仮に死期が確実であっても、自然死に先んじて死を促進させた場合は殺人行為である。例えば、事故で瀕死の状態にある者を包丁で刺したというような場合も殺人にあたる。
 殺人の手段・方法には制限はない。有形的な方法はもとより、たとえば強度の精神的衝撃を与える等の無形的な方法によっても良い。

[2]殺人罪の罪数は、行為の客体である「人」[=被害者]の数が基準とされる。生命は各人に固有の一身専属的な法益であって、各被害者ごとに独立して評価されるべきだからである。

・1人の人間に対して数回殺人行為を行い、最終的に殺害した場合、殺人罪「一」罪が成立する。

・1個の行為で3人を殺害した場合には3個の殺人罪が成立する。

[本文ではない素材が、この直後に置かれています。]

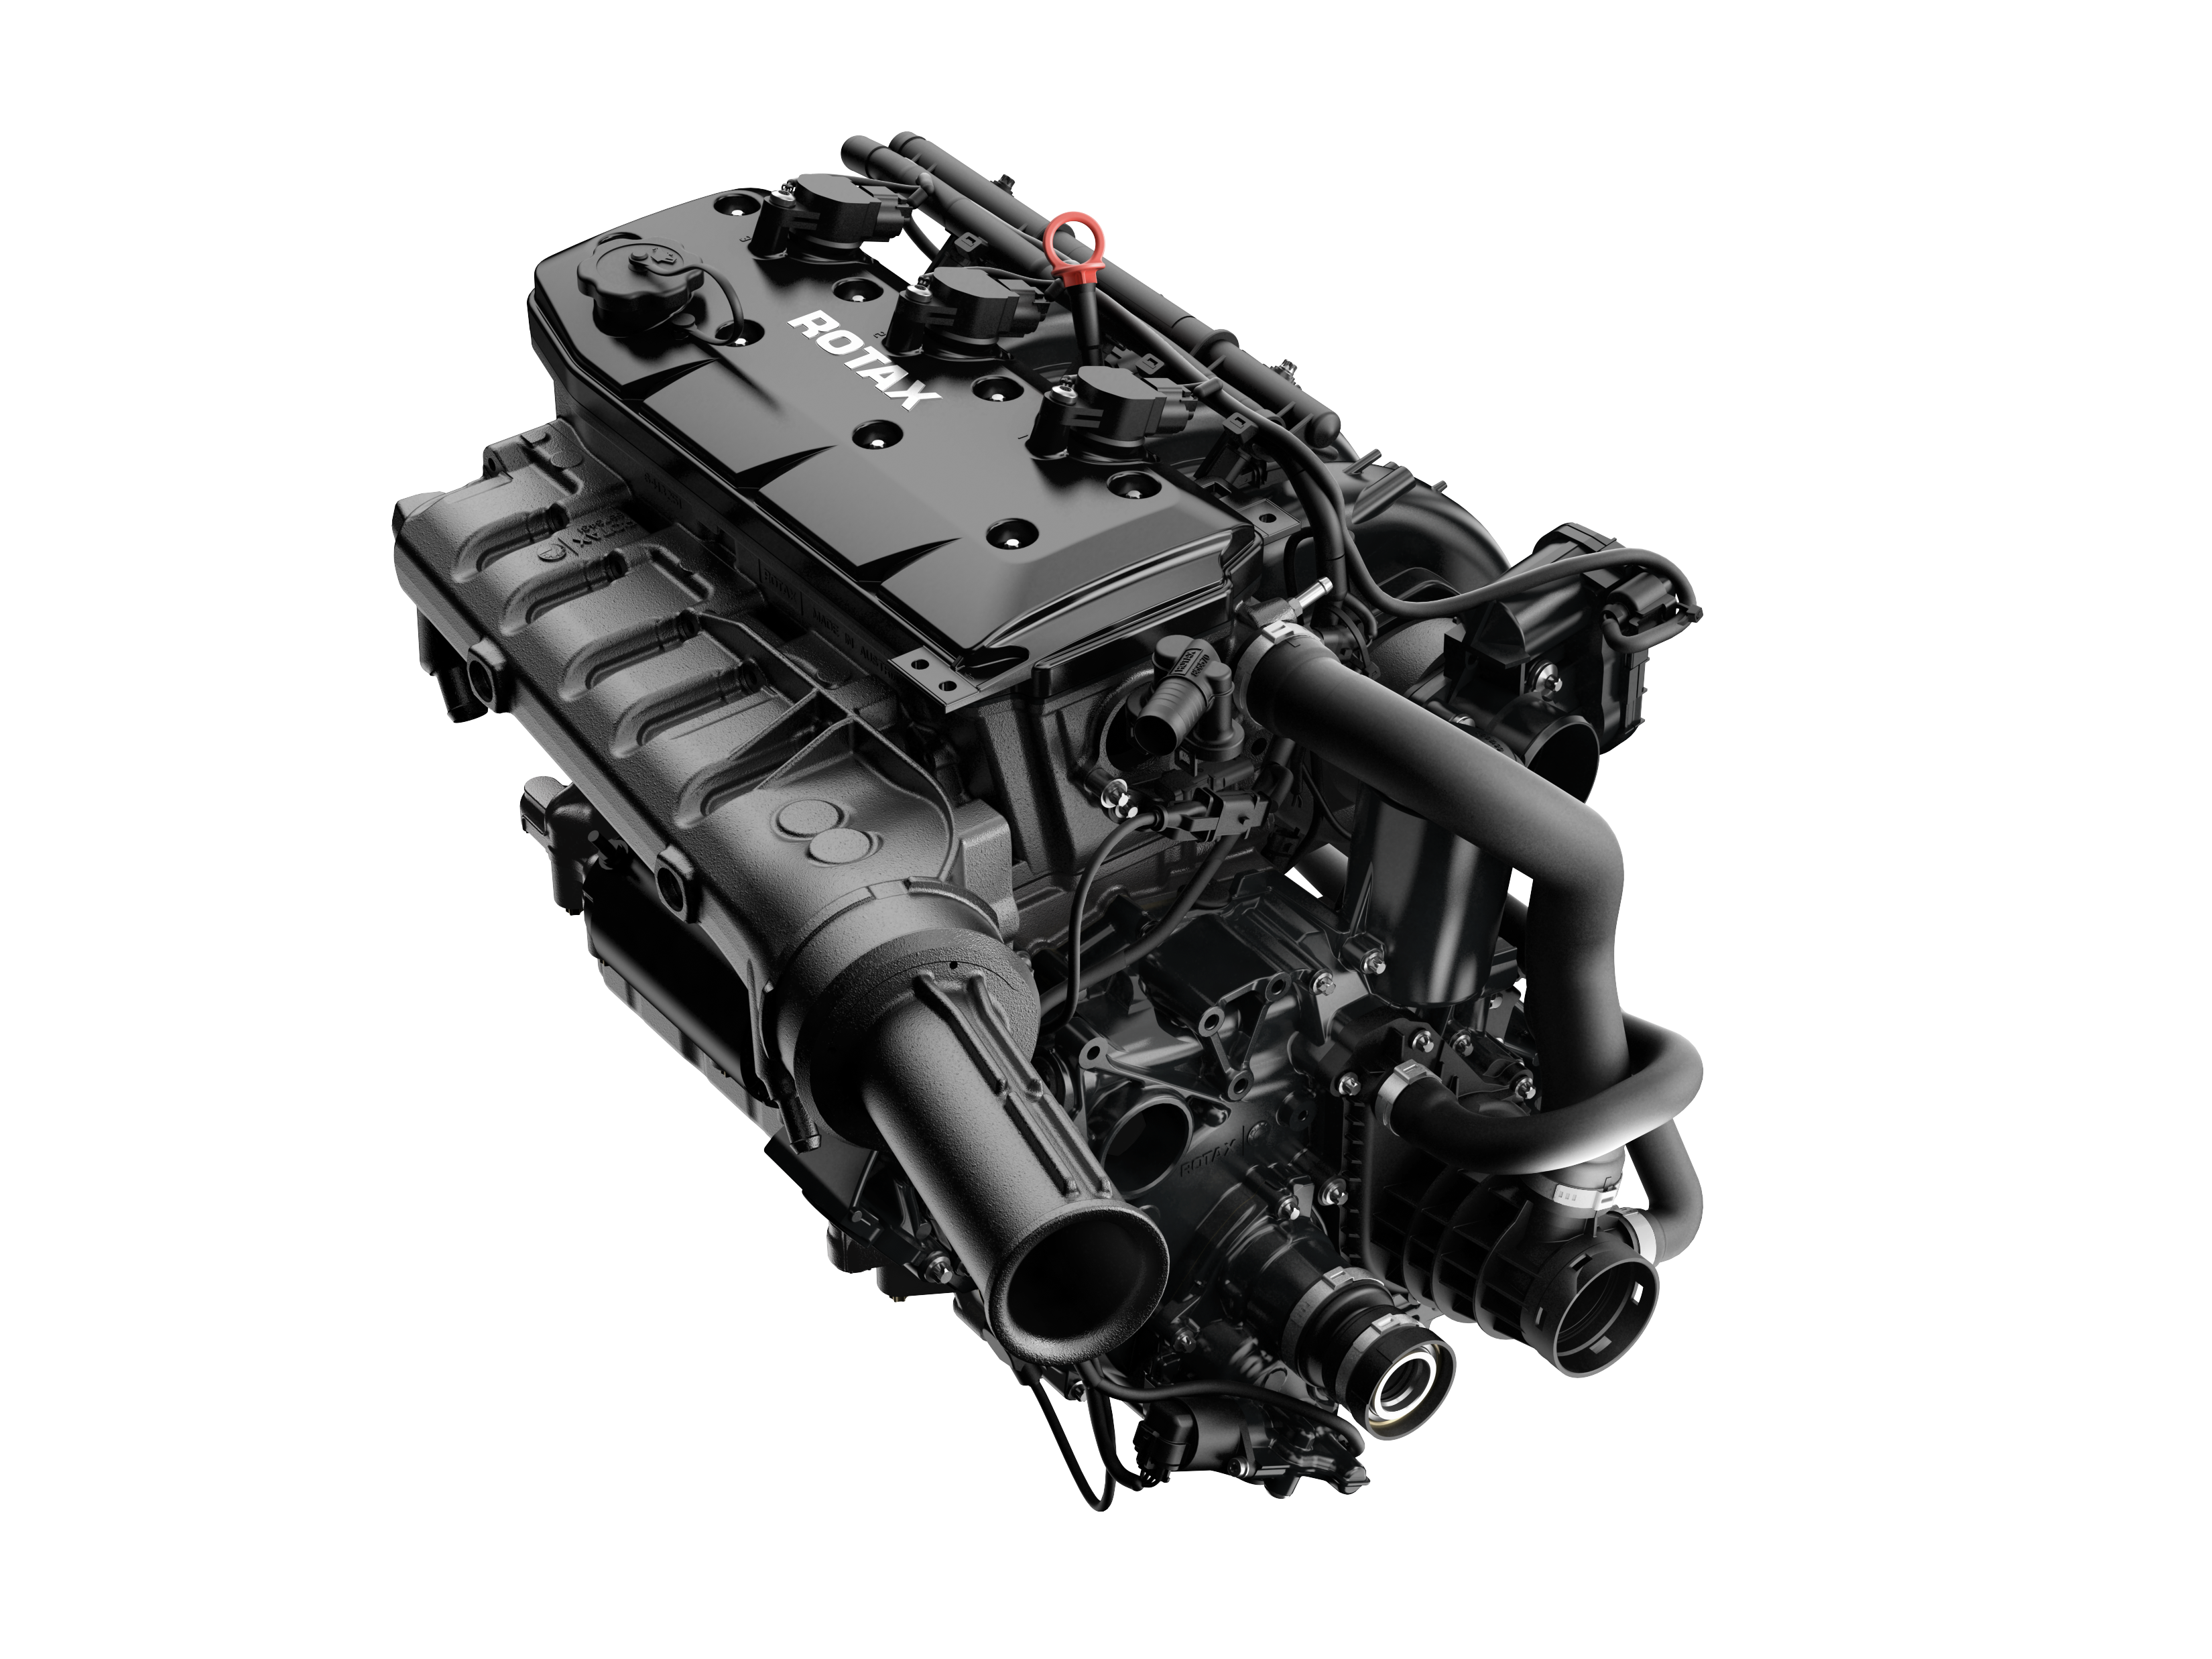 Rotax 1630 motor 300 HP

ただし、1個の行為で行っているので「観念的競合」[54条1項前段]となる。

<自殺関与・同意殺人罪>

 人を教唆し、若しくは幇助して自殺させ[自殺関与罪]、または人をその嘱託を受け若しくはその承諾を得て殺した[同意殺人罪]者は、6月以上7年以下の懲役又は禁錮に処せられる「202条」。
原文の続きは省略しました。